Akshay Ajay Kalekar | Software Developer

The Interaction Model

Building a truly interactive voice experience within the browser involves three core pillars: Speech-to-Text (STT), Framework-Based Intent Extraction, and Contextual Conversation Tracking.

Unlike modern AI assistants that rely on heavy server-side processing, this experiment is designed to be entirely local-first, utilizing a stateful pipeline to maintain conversation flow without external LLM calls.

1. Speech Recognition (STT)

We utilize the window.SpeechRecognition interface. To make the UI feel alive, we process interimResults: true, allowing the visualizer and transcript to react before the user finishes their sentence.

const recognition = new (window.SpeechRecognition || window.webkitSpeechRecognition)();
recognition.continuous = true;
recognition.interimResults = true;

2. The Frame-Based NLP Engine

Instead of simple keyword matching, we use a Frame-Based Architecture. Every user request is parsed into a structured Frame:

Intent: The core goal (e.g., experience, skills, why_hire).
Entity: The specific subject (e.g., Travel LYKKE, Next.js).
Focus: The dimension of the query (technical vs impact).
Tone: Adapting the response to a developer vs a recruiter.

3. State & Context Tracking

The engine maintains a Conversation State to enable multi-turn interactions. This allows for:

State Carry-over: If you ask "Tell me about my experience" and follow up with "How was it built?", the system carries over the last entity (e.g., DMC Circle) to provide context-aware technical details.
Depth Escalation: If you stay on a topic, the engine escalates the response depth—moving from a concise summary to a technical deep-dive.
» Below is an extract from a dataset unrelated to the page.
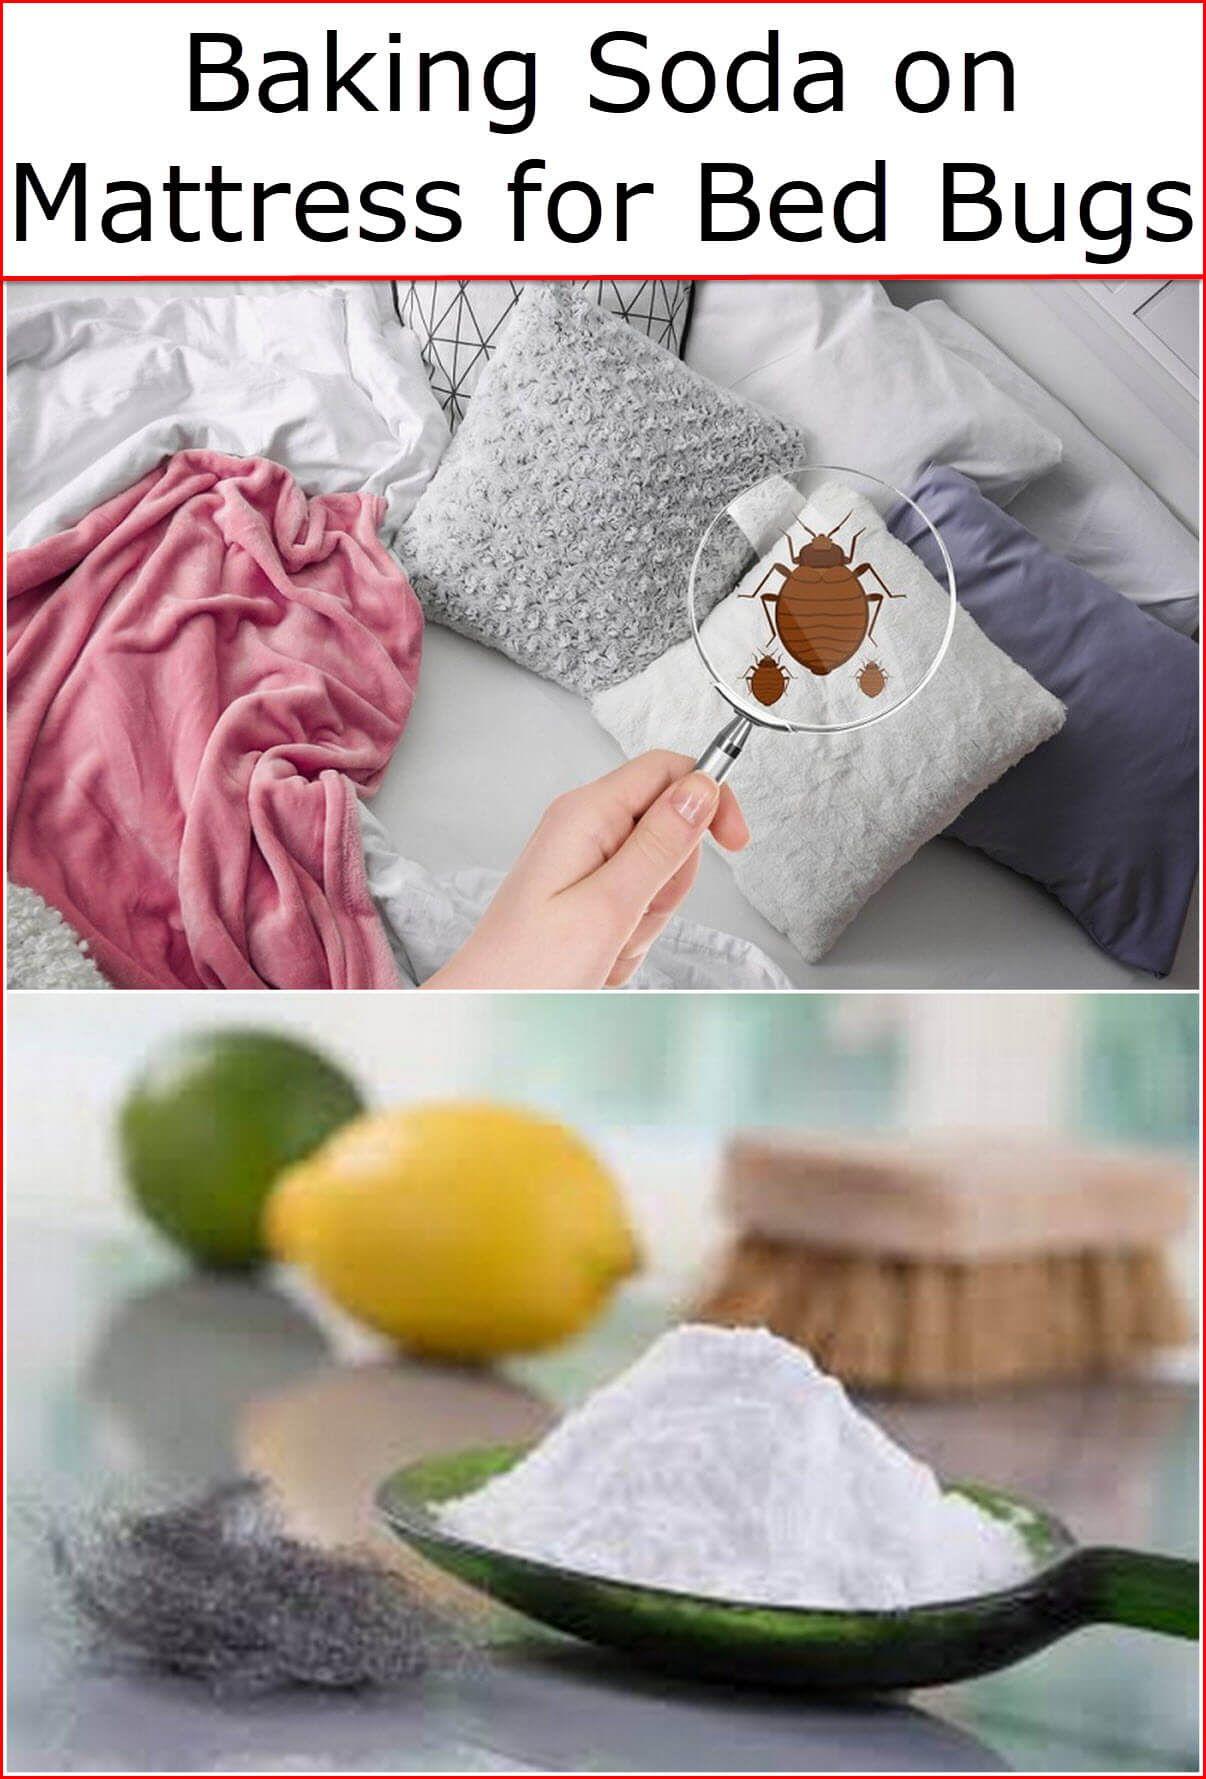 Baking Soda On Mattress For Bed Bugs Baking Soda On Mattress

4. Variation Engine & Humanizer

To prevent "bot fatigue," responses are never static. We use a Variation Engine that assembles answers from randomized blocks and situational transitions:

function bridge(state: ConversationState): string {
  if (state.depthLevel > 1 && state.lastIntent === 'experience') {
    return pick(['Beyond that, ', 'Diving deeper, ', 'To expand on that, ']);
  }
  return "";
}

Why Local-First?

Contextual Latency: By processing intents locally, we eliminate the 1-2 second round-trip time of LLM APIs, making transitions feel natural.
Privacy by Design: No audio data or transcripts ever leave your device.
Zero Cost: Built entirely on native browser APIs.

Technical Stack

React + Tailwind: For the responsive UI and glassmorphic micro-animations.
Frame-Based NLP: A custom stateful engine implemented in TypeScript.
Web Speech API: For native recognition and synthesis.
Web Audio Analyser: For frequency-driven microphone visualization.